●カレンダーはめくられないまま
家宅捜索で撮影された写真には、野上が犯行に使ったパソコンと向き合う姿がある。
パソコンの置かれたデスクがきれいに整頓されていたのとは対照的に、すぐ横にかけられたカレンダーはめくられないまま、時間だけが過ぎていた。
●何十年も顔を合わせていない「父親」の投稿で“被告”に
とも子さんは2022年、民事でも損害賠償を求めて提訴したが、訴訟はなかなか進まなかった。
野上は体調悪化を理由に入退院を繰り返した。「次回期日に参加できるか体調面が不安です」と裁判所に電話をしてから、1週間も経たぬうちに、心不全で死亡した。
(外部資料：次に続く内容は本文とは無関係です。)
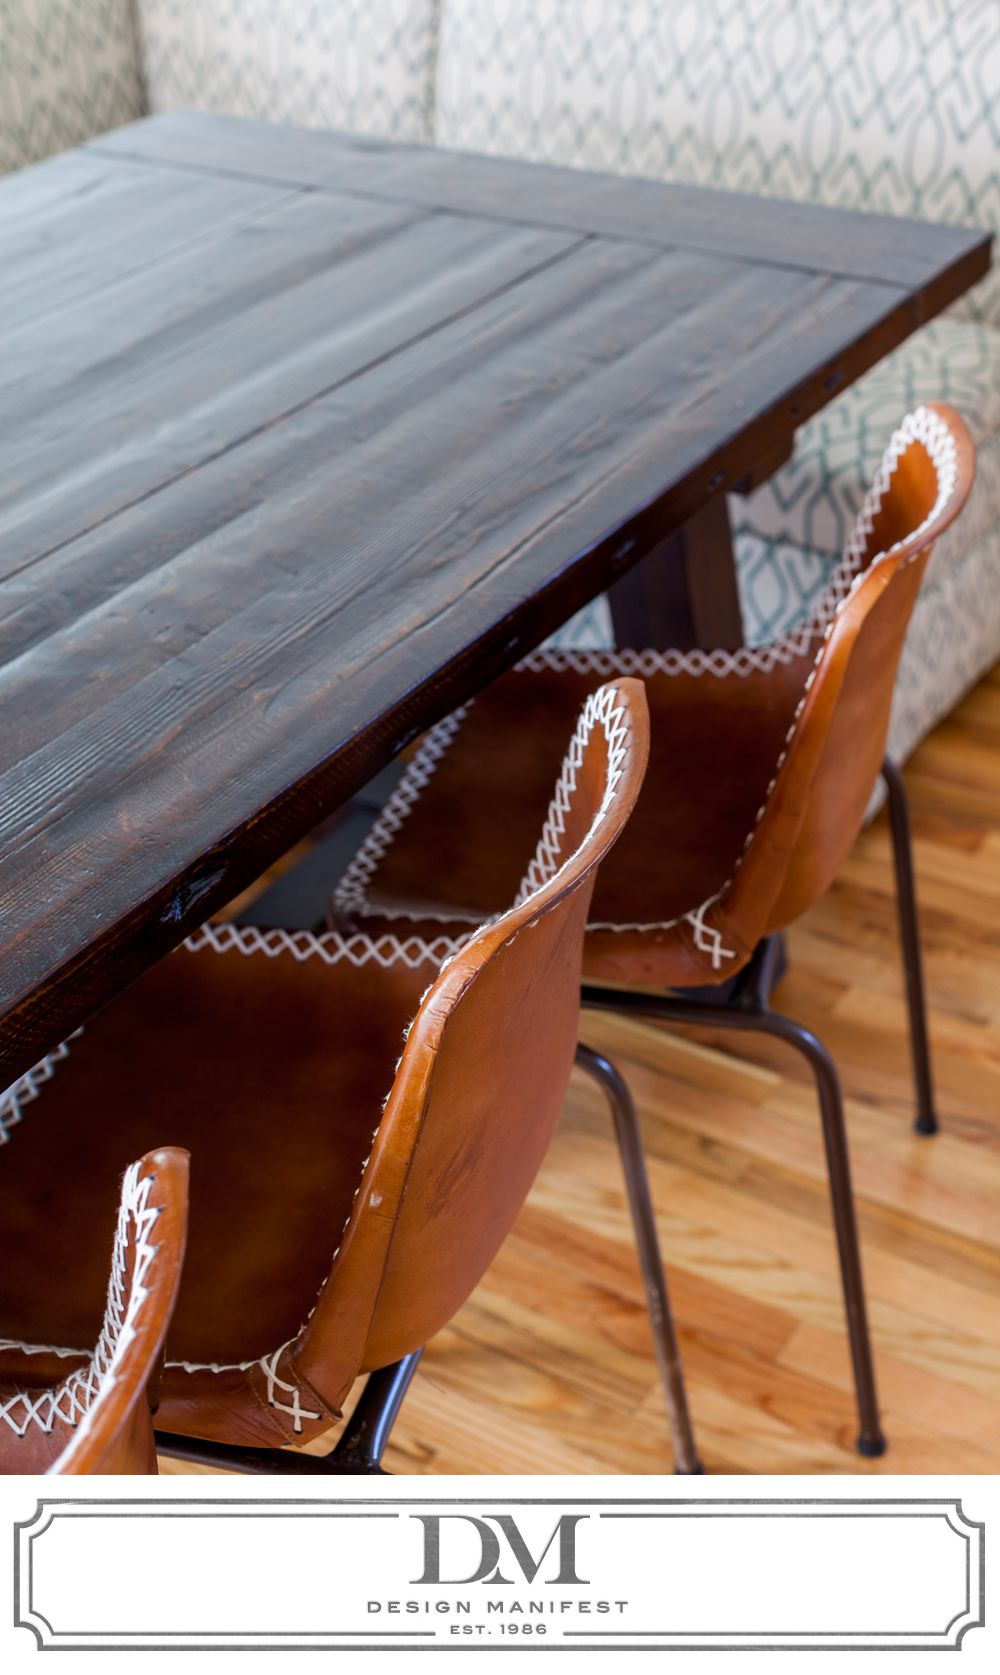 Before And After Villanova Modern Organic Dining Room Design Manifest Organic Dining Room Organic Modern Rustic Farm Table

2023年9月だった。
死んだ後も、とも子さんは国内外で暮らす野上の子や孫を相手に訴訟を続けている。
「相続人として、あなたが本件訴訟の被告となりました」
数百万円の損害賠償を請求する訴訟の通知が裁判所から届けられると、血縁の子や孫はすぐに相続放棄に着手した。
娘の1人は「何十年も連絡をとってなく顔も見ていない状態で一切かかわりがありません。遺産放棄の手続きをしている最中です」と裁判所に説明している。